Your answer must be only the lines below from the one containing "Sharky.fi 리뷰: 솔라나 최대 NFT 대출 플랫폼" through the one containing "Midnight Hotel Room Bathroom Spa Sauna", copied exactly, with the pictures left out.

__Material provided__
-------------------------
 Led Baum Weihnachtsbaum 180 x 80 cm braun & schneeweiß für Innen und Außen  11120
-------------------------
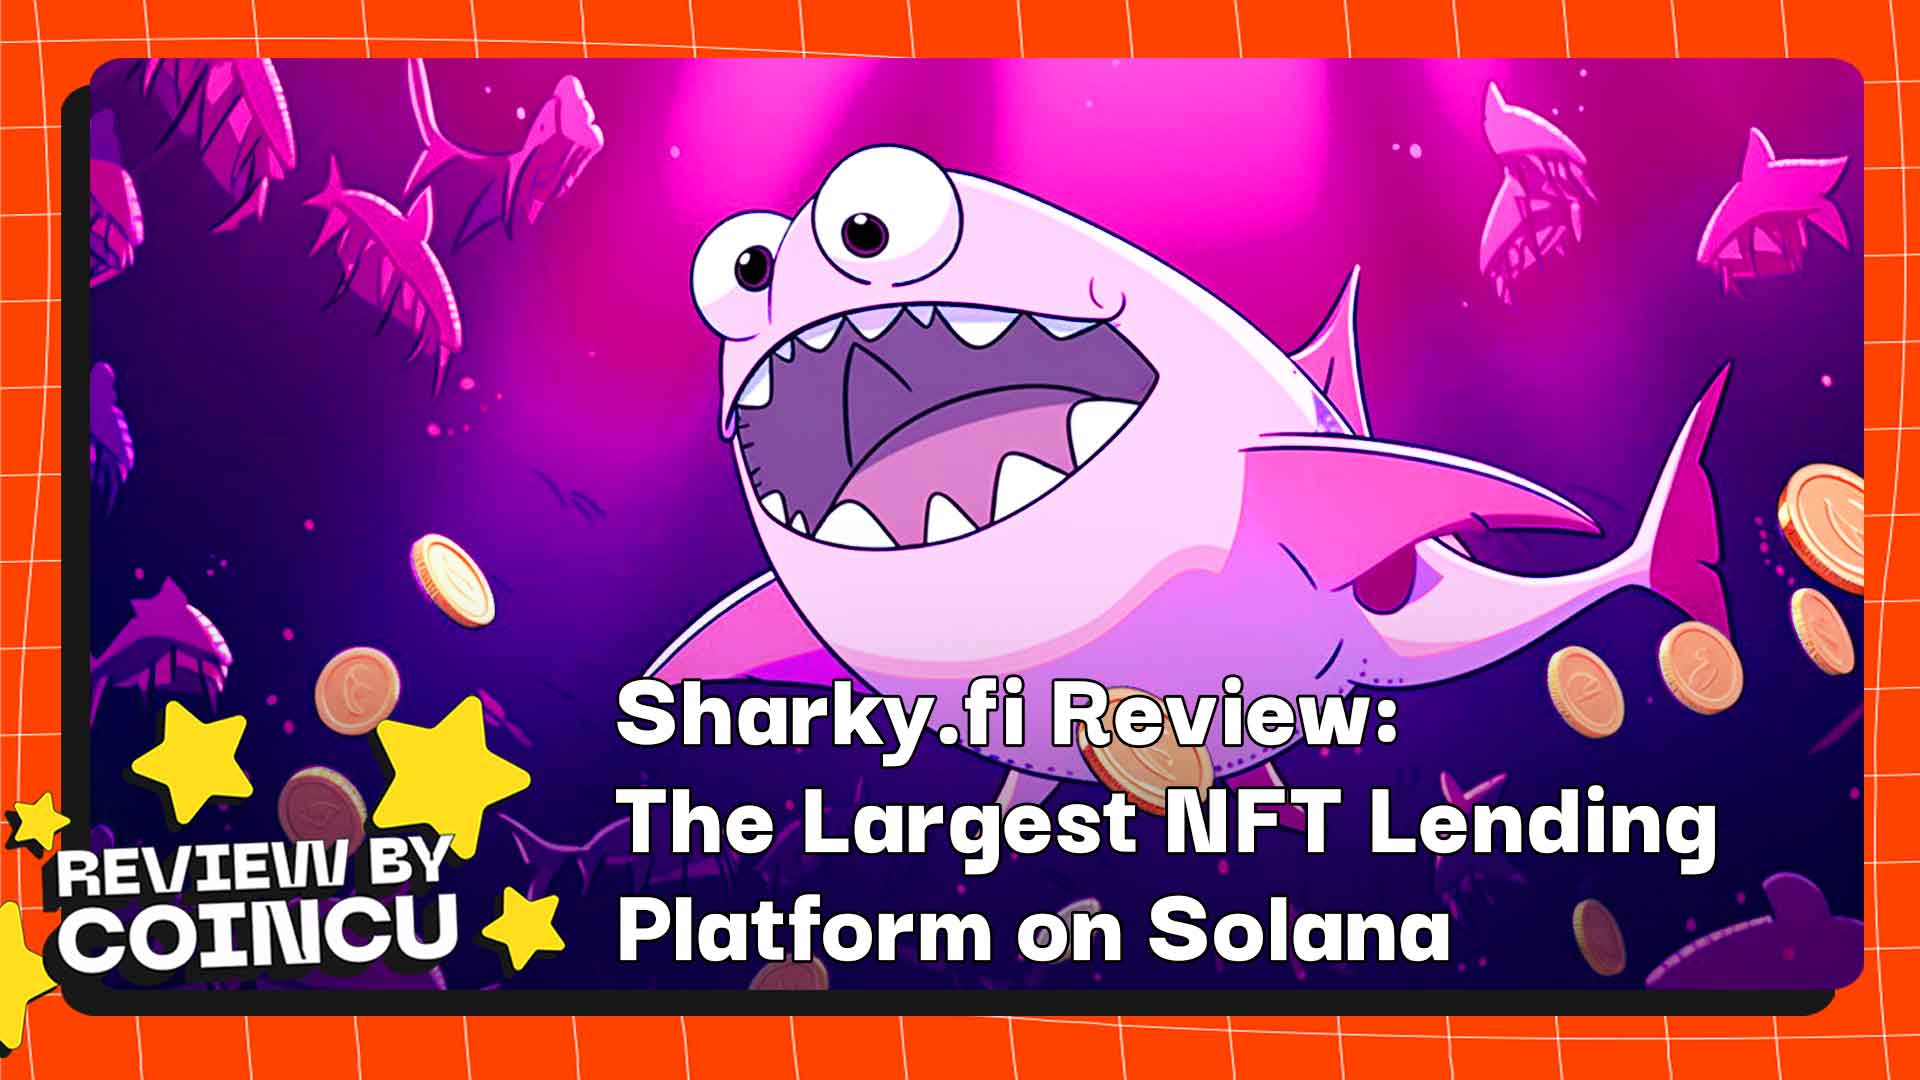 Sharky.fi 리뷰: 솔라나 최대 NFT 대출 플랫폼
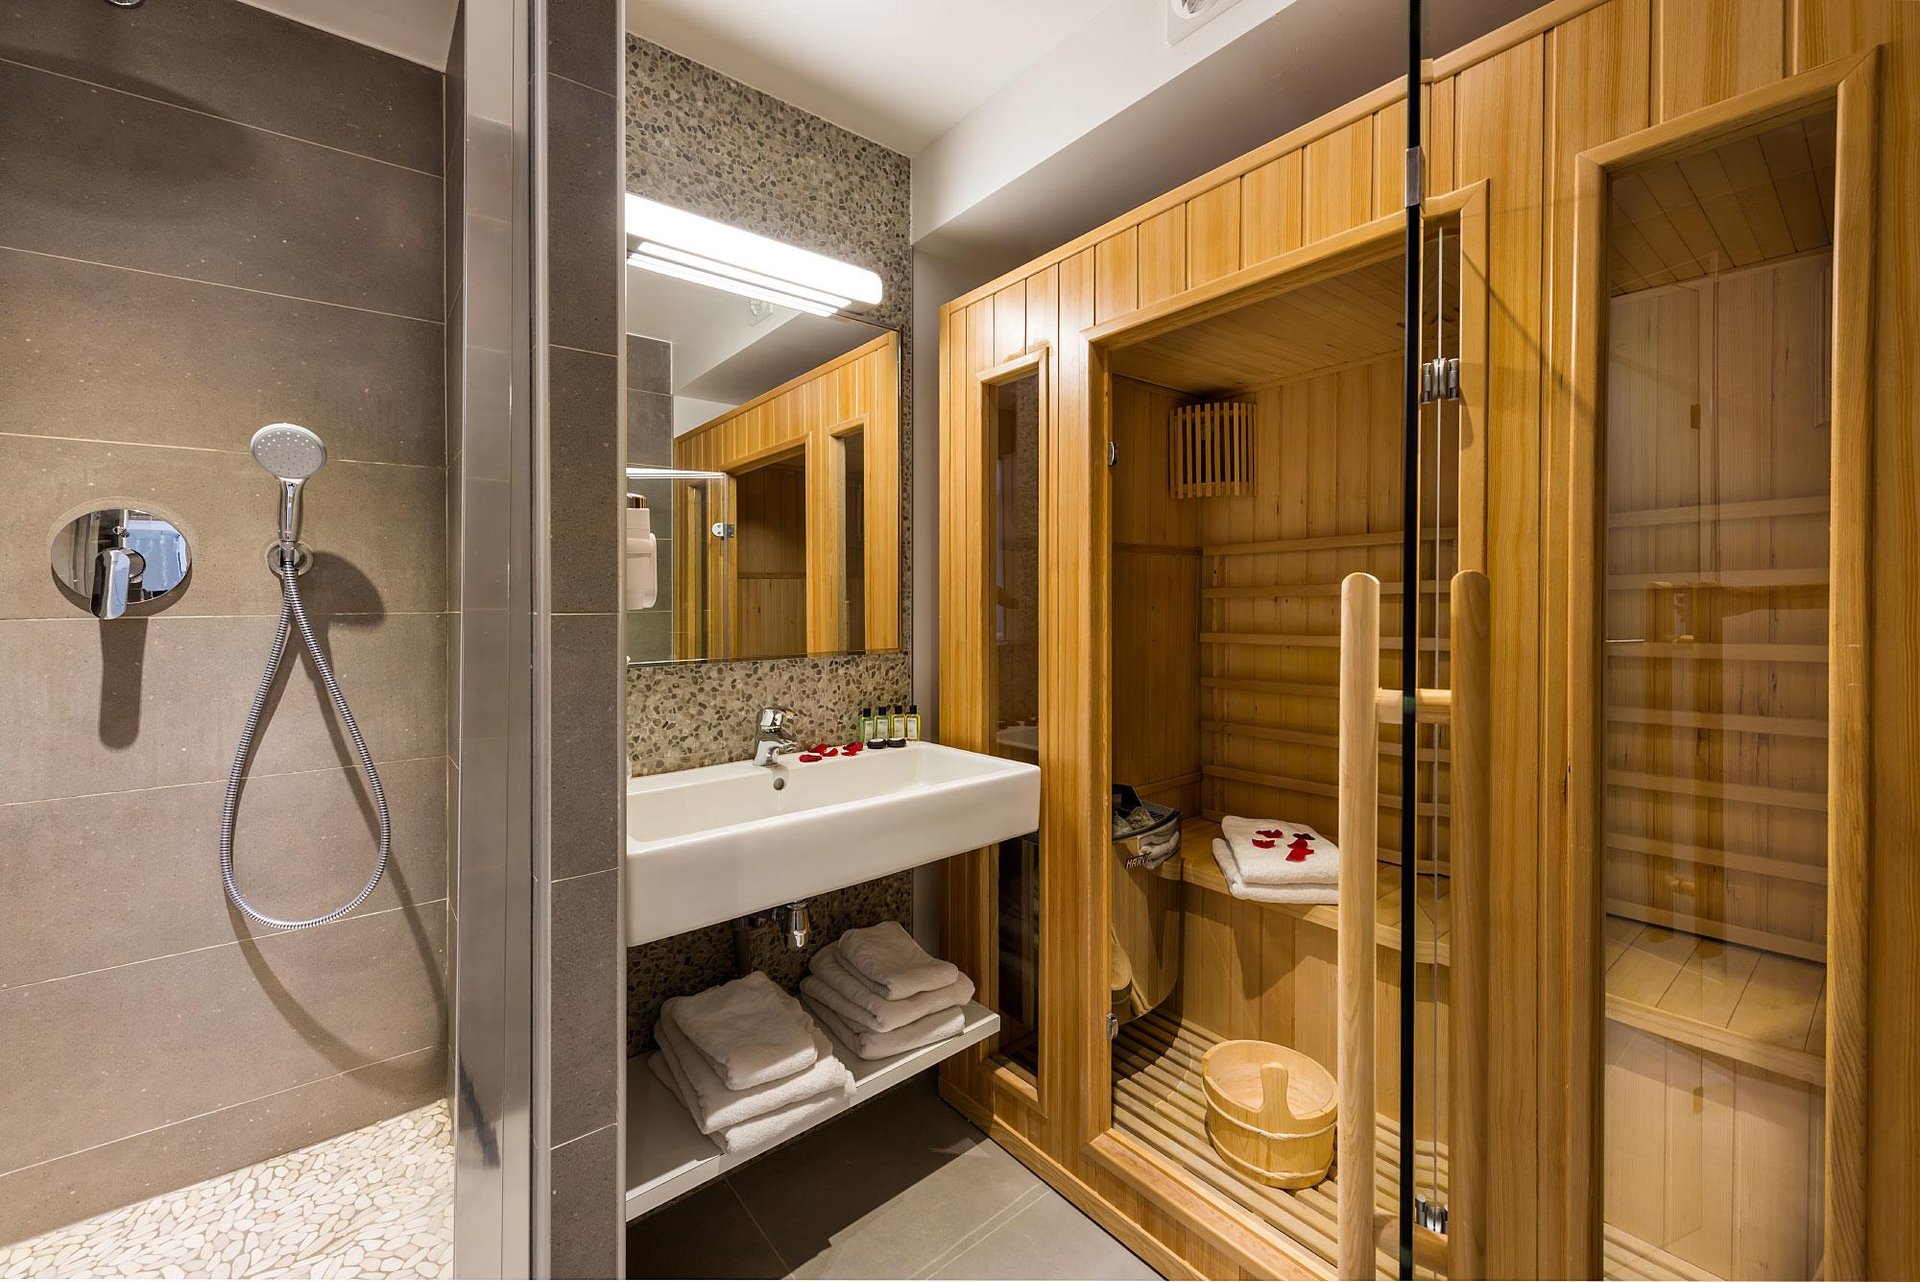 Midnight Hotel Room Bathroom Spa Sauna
-------------------------
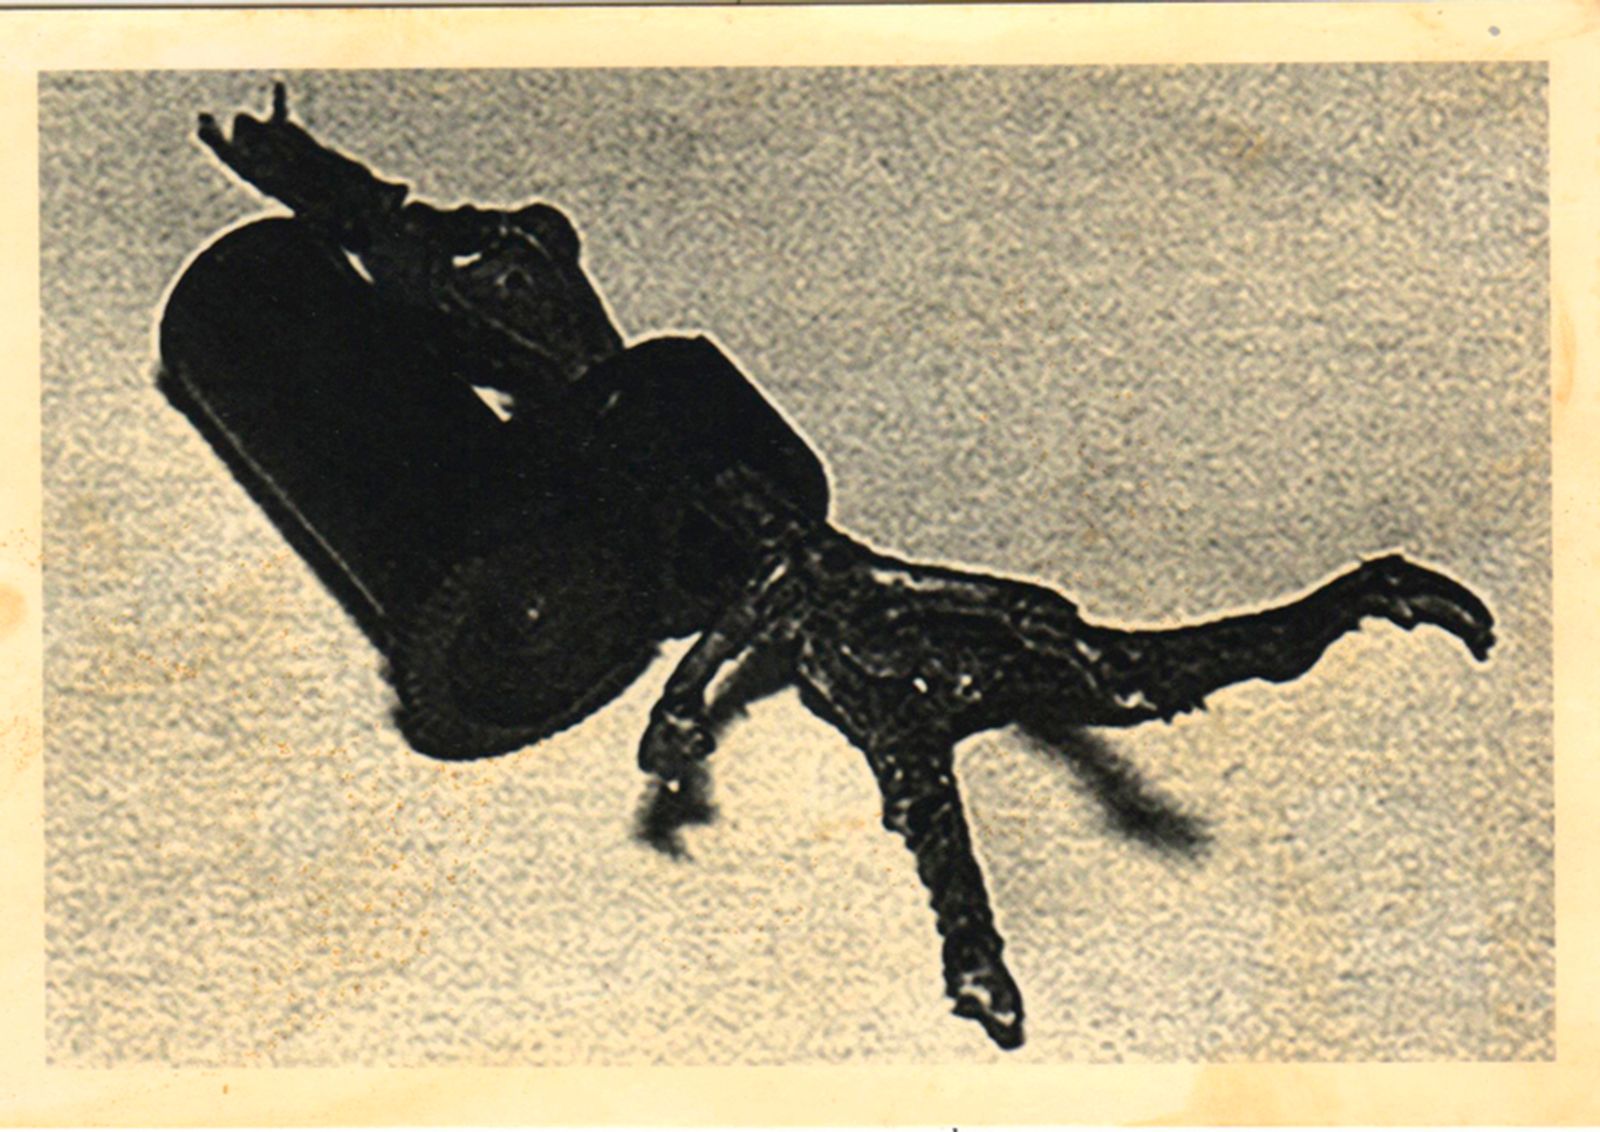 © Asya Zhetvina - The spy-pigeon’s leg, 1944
-------------------------
__Response to the task__
 Sharky.fi 리뷰: 솔라나 최대 NFT 대출 플랫폼
 Midnight Hotel Room Bathroom Spa Sauna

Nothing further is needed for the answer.